On Mar 01, 2011, at 11:52, Kyle Moffett wrote:
> Package: linux-2.6
> Version: 2.6.32-30
> Severity: important
>
> I'm getting a repeatable BUG from ext4, which seems to be caused by
> Postfix processing its mail queue. The specific filesystem block device
> that has the problem seems to be "dm-13", which on this boot is the
> logical volume containing the "/var/spool/postfix" chroot.
>
> This is a completely standard Debian installation running on an Amazon EC2
> instance (x86_64). The filesystem is mounted in "data=journal" mode.
>
> This crash is *very* repeatable. It occurs almost every reboot when
> there are more than 1 or 2 queued emails. I will try re-mounting the
> filesystem in "data=ordered" mode momentarily.
>
> The relevant filesystems are:
> /dev/mapper/system-root / ext4 rw,noatime,barrier=1,data=ordered 0 0
> /dev/mapper/system-var /var ext4 rw,noatime,barrier=1,nodelalloc,data=journal 0 0
> /dev/mapper/system-log /var/log ext4 rw,nosuid,nodev,noatime,barrier=1,data=ordered 0 0
> /dev/xvda1 /boot ext3 rw,noatime,user_xattr,acl,data=journal 0 0
> /dev/mapper/db-mail /var/mail ext4 rw,nosuid,nodev,noatime,barrier=1,data=ordered 0 0
> /dev/mapper/db-postfix /var/spool/postfix ext4 rw,nosuid,nodev,noatime,barrier=1,nodelalloc,data=journal 0 0
> /dev/mapper/db-smtp /var/lib/postfix ext4 rw,nosuid,nodev,noatime,barrier=1,nodelalloc,data=journal 0 0
> /dev/mapper/db-smtpcfg /etc/postfix ext4 rw,nosuid,nodev,noatime,barrier=1,nodelalloc,data=journal 0 0
>
> In particular, I note that there was a previous report of a BUG at
> fs/jbd2/commit.c:533 which never seemed to get isolated:
> http://www.kerneltrap.com/mailarchive/linux-ext4/2009/9/2/6373283
>
> I need to get this system operational again right now, but I'm going to
> take a consistent snapshot of it so I can debug it later.
>
> NOTE: For followers on the linux-ext4 mailing list, this particular
> system is running the Debian "squeeze" kernel (based on 2.6.32), so it's
> theoretically possible this bug has been fixed upstream since then.

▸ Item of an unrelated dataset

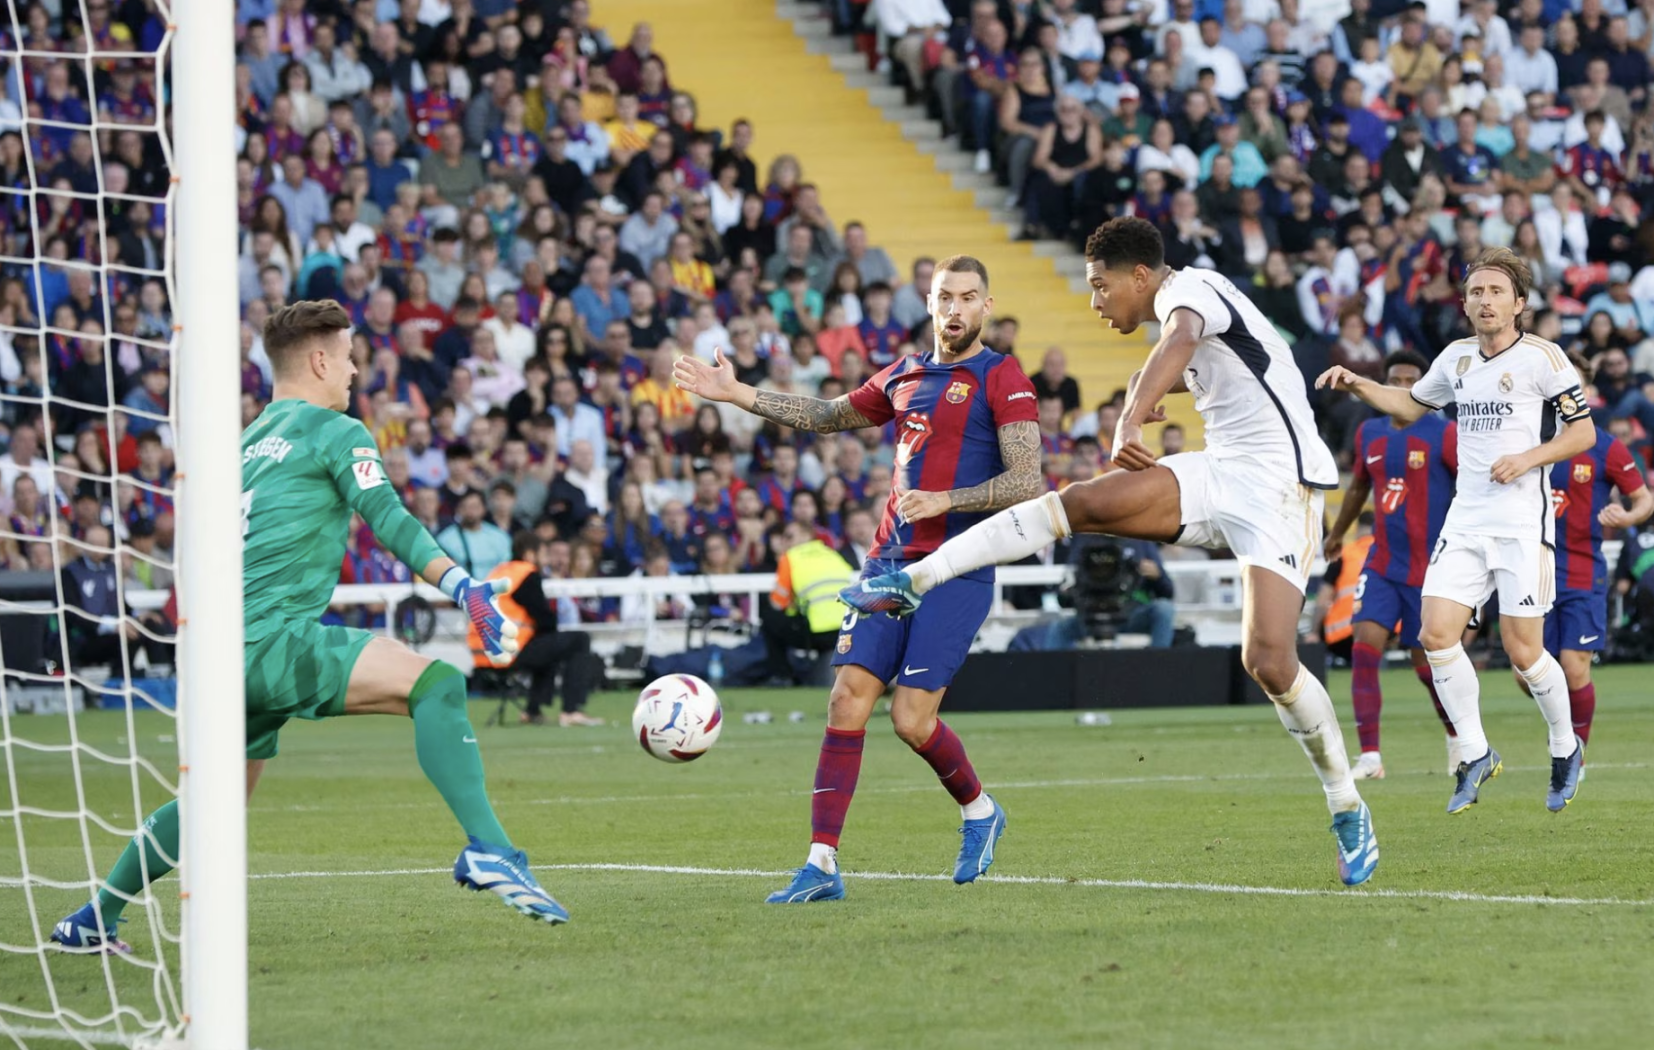 Belliingham đệm bóng ấn định chiến thắng 2-1 cho Real trước Barca. Ảnh: Reuters

> I didn't have any luck finding such a fix on Google, though.
>
> -- Package-specific info:
> ** Version:
> Linux version 2.6.32-5-xen-amd64 (Debian 2.6.32-30) ([email protected]) (gcc version 4.3.5 (Debian 4.3.5-4) ) #1 SMP Wed Jan 12 05:46:49 UTC 2011
>
> ** Command line:
> root=/dev/mapper/system-root ro
>
> ** Tainted: D (128)
> * Kernel has oopsed before.
>
> ** Kernel log:
> [ 118.525038] alloc irq_desc for 526 on node -1
> [ 118.525040] alloc kstat_irqs on node -1
> [ 118.700415] device-mapper: uevent: version 1.0.3
> [ 118.700890] device-mapper: ioctl: 4.15.0-ioctl (2009-04-01) initialised: [email protected]
> [ 118.925563] EXT4-fs (dm-0): INFO: recovery required on readonly filesystem
> [ 118.925580] EXT4-fs (dm-0): write access will be enabled during recovery
> [ 118.968700] EXT4-fs (dm-0): orphan cleanup on readonly fs
> [ 118.968716] EXT4-fs (dm-0): ext4_orphan_cleanup: deleting unreferenced inode 790044
> [ 118.968761] EXT4-fs (dm-0): ext4_orphan_cleanup: deleting unreferenced inode 790012
> [ 118.968768] EXT4-fs (dm-0): ext4_orphan_cleanup: deleting unreferenced inode 790011
> [ 118.968775] EXT4-fs (dm-0): ext4_orphan_cleanup: deleting unreferenced inode 790010
> [ 118.968782] EXT4-fs (dm-0): ext4_orphan_cleanup: deleting unreferenced inode 790009
> [ 118.968788] EXT4-fs (dm-0): 5 orphan inodes deleted
> [ 118.968794] EXT4-fs (dm-0): recovery complete
> [ 118.979150] EXT4-fs (dm-0): mounted filesystem with ordered data mode
> [ 119.293543] udev[204]: starting version 164
> [ 119.366778] input: PC Speaker as /devices/platform/pcspkr/input/input1
> [ 119.436417] Error: Driver 'pcspkr' is already registered, aborting...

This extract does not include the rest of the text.